Mowk wrote:Standing strait. Who is and who isn't.

Ideologically speaking what is standing strait?

"Straight" is a description of points lying along a linear path.
Straightness in this case is only a spatial measure of something's internal state, not a relation to something external - e.g. you can also be straight when lying along the ground.

"Perpendicular", however, is a relation of something to something else.
It could be the relation of something straight to something else that's straight, for example.

From the thread title, it sounds like you're questioning whether straight things can be perpenducular to non-straight things.
It's true that someone can stand straight relative to the tangent of a curve (tangents are also straight lines), to which that someone might be standing perpendicular.
But if someone is "standing straight" on either side of the apex of that curve, they're no longer perpendicular to the tangent of that curve.
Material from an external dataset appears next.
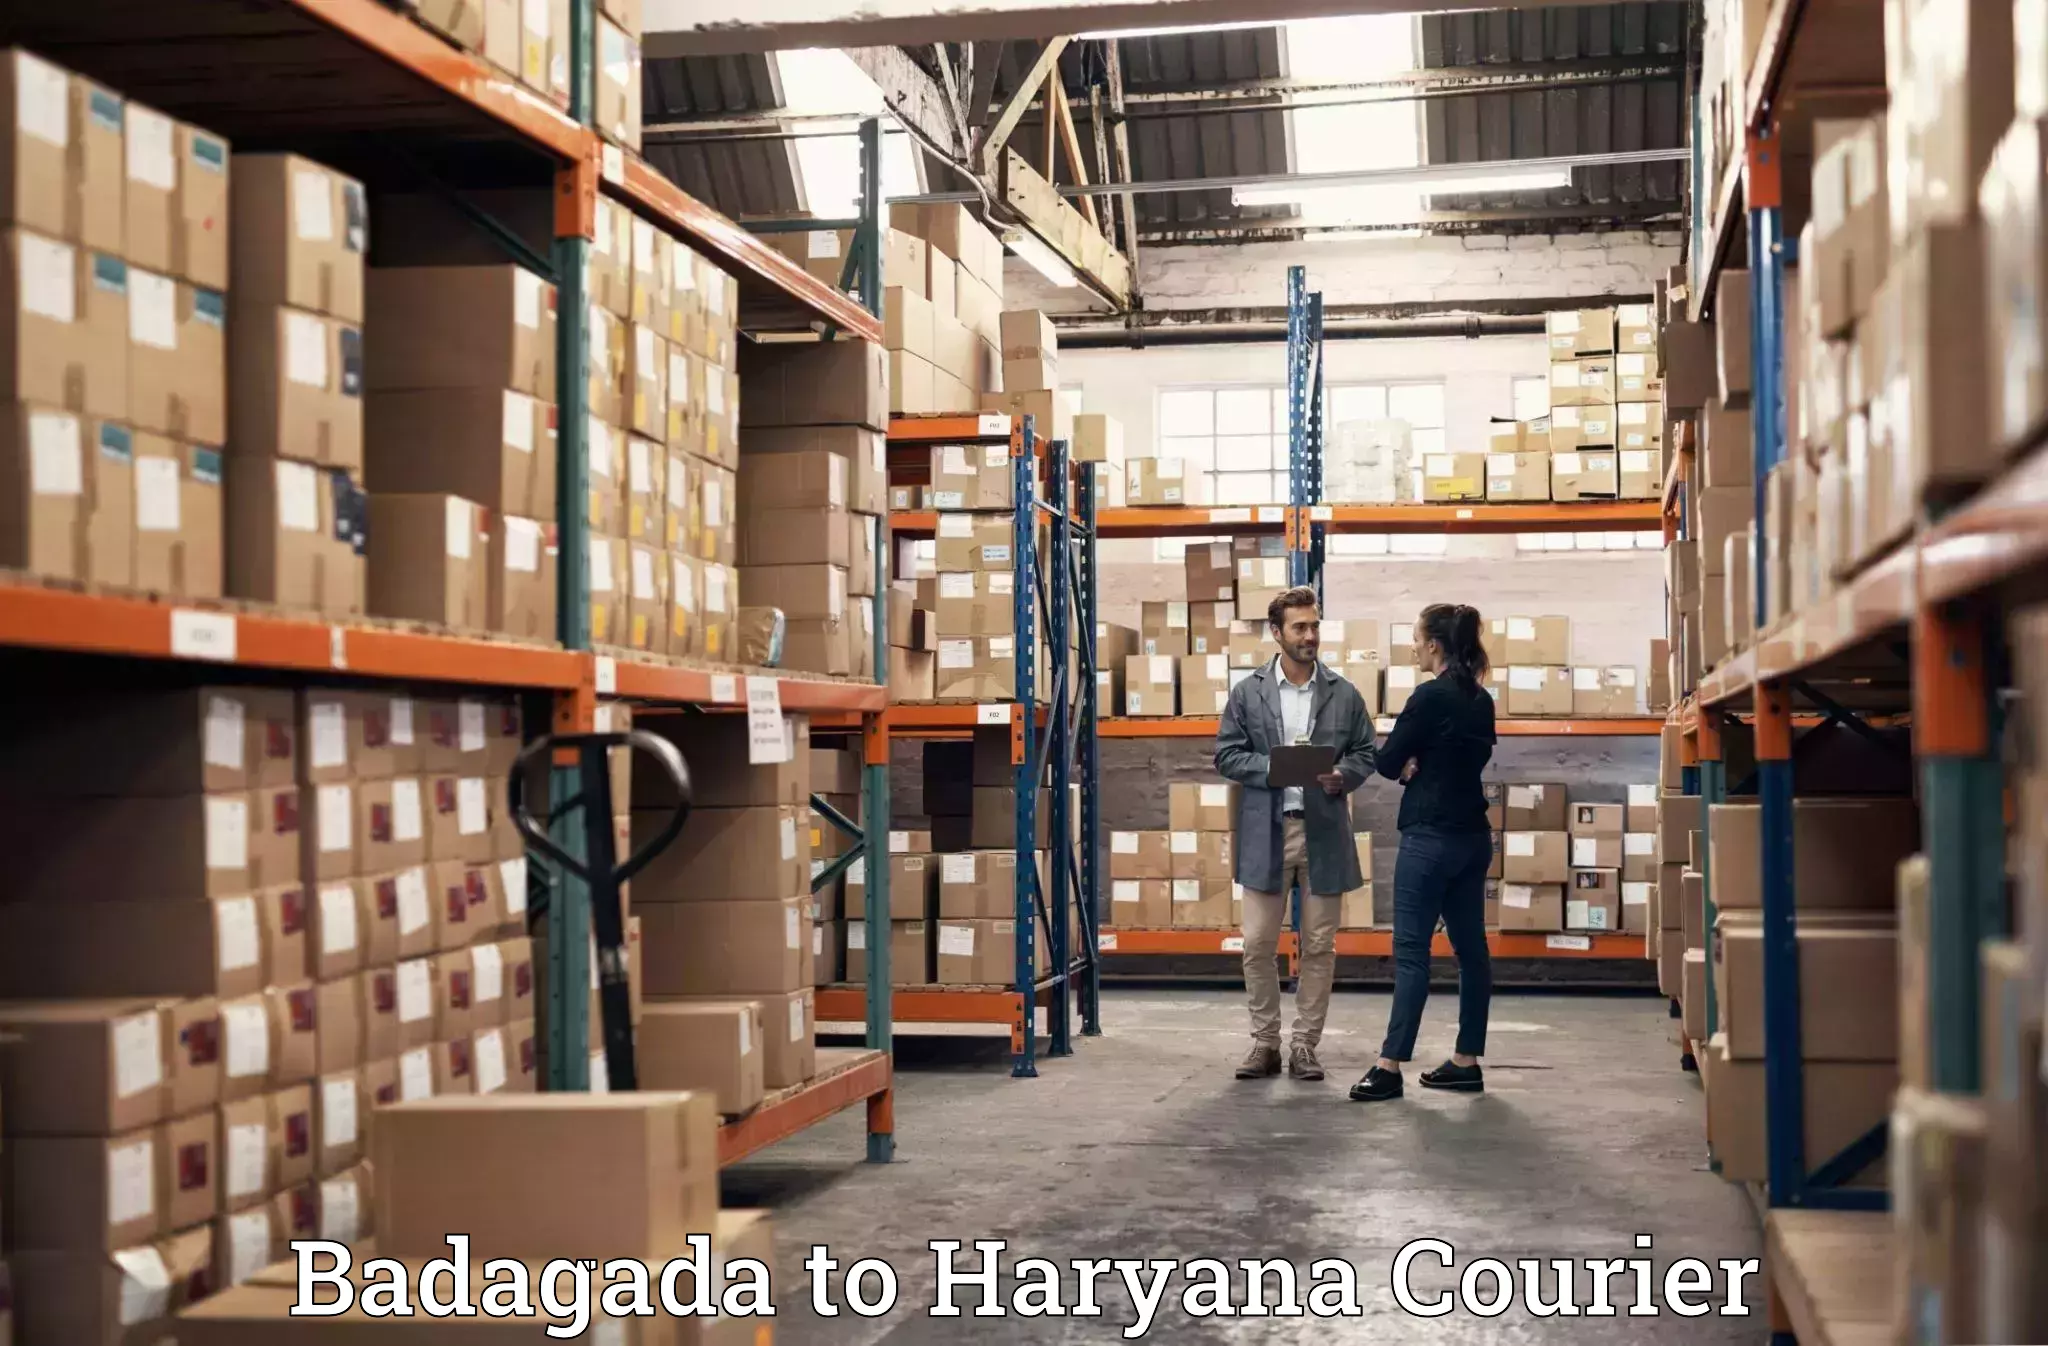 Quality moving and storage Badagada to NCR Haryana

This is because someone "standing straight" is not just a comment on the straightness of their posture (which by itself is only an internal measure, as above), but the relationship of their straightness to the centre of mass of everything around them in accordance to the gravitational force that it exerts on that person's centre of mass. To "stand straight" is to be internally straight but also with that straight line extending exactly through the centre of mass of everything around them. Theoretically, everything around you this includes the whole universe, so it needs to be clarified that gravitational force acts according to the inverse square law. This means that the gravitational force between two bodies of mass is more effective the closer they are to each other (inversely proportional to the square of the distance). So standing straight is not relative to the centre of mass of the universe (which apparently can't even be said to exist), but a function of the centre of mass of both everything around you and its proximity to you.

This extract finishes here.